For each doctor, display their id, full name, and the first and last admission date they attended.

select doctors.doctor_id, concat(doctors.first_name,' ',doctors.last_name), 

min(admissions.admission_date),max(admissions.admission_date)

from doctors

join admissions on admissions.attending_doctor_id = doctors.doctor_id

group by doctor_id;

Display the total amount of patients for each province.

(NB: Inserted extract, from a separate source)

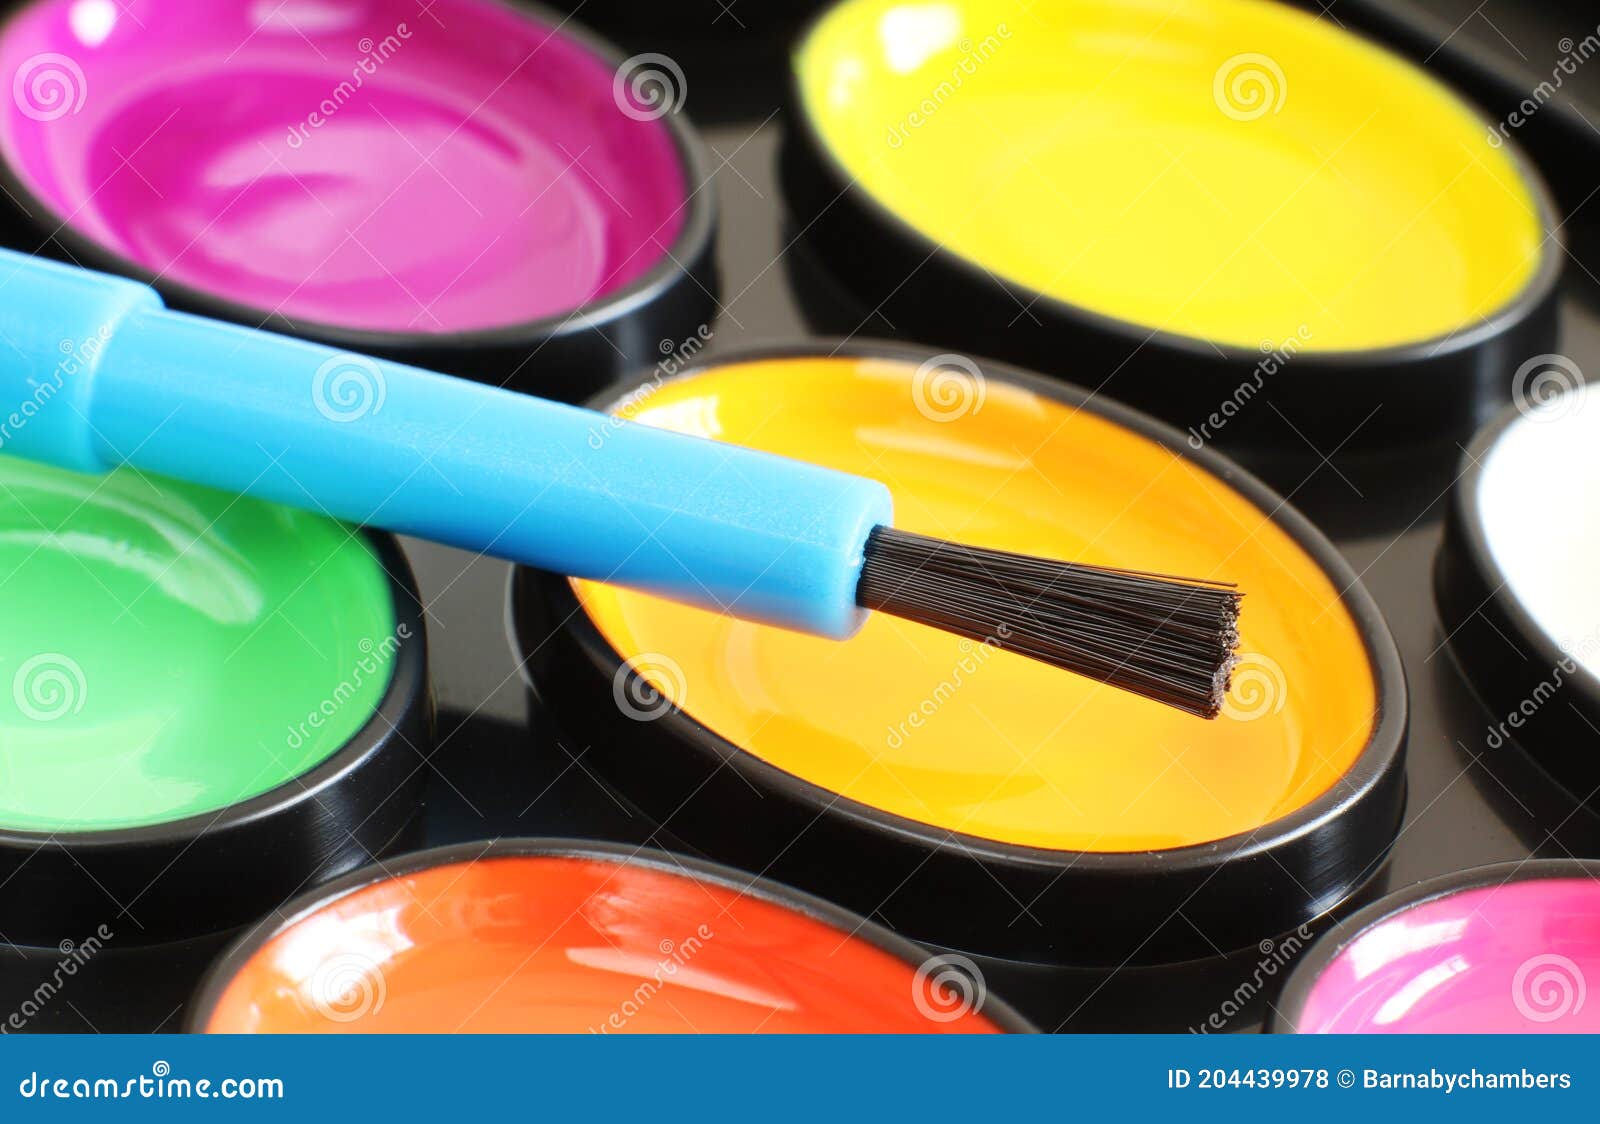 brightly coloured paint and pencils

Order by descending.

select province_names.province_name, count(patients.patient_id)

from patients

join province_names on province_names.province_id = patients.province_id

group by province_names.province_name

order by count(patients.patient_id) desc

For every admission, display the patient's full name, their admission diagnosis, and their doctor's full name who diagnosed their problem.

select concat(patients.first_name,' ',patients.last_name), admissions.diagnosis,

concat(doctors.first_name,' ', doctors.last_name)

from patients

join admissions on admissions.patient_id = patients.patient_id

join doctors on admissions.attending_doctor_id = doctors.doctor_id

Display the first name, last name and number of duplicate patients based on their first name and last name.

Ex: A patient with an identical name can be considered a duplicate.
```
select patients.first_name, patients.last_name, count(*)

from patients

group by

first_name, last_name

having count(*) >1
```
Display patient's full name,height in the units feet rounded to 1 decimal,weight in the unit pounds rounded to 0 decimals, birth_date, gender non abbreviated.

Convert CM to feet by dividing by 30.48.

Convert KG to pounds by multiplying by 2.205.
```
select concat(patients.first_name,' ',patients.last_name), 

round(patients.height/30.48,1),round(patients.weight*2.205,0),birth_date,

case

when gender = 'F' then 'FEMALE'

else 'MALE'

end

from patients
```

Show patient_id, first_name, last_name from patients whose does not have any records in the admissions table. (Their patient_id does not exist in any admissions.patient_id rows.)

select patients.patient_id, patients.first_name, patients.last_name

from patients

left join admissions on patients.patient_id = admissions.patient_id

where admissions.patient_id is null

Conclusion

These SQL problems not only improve my query-writing skills but also serve as a handy reference for future practice. I hope this collection helps others preparing for SQL interviews. Feel free to share your thoughts or questions in the comments!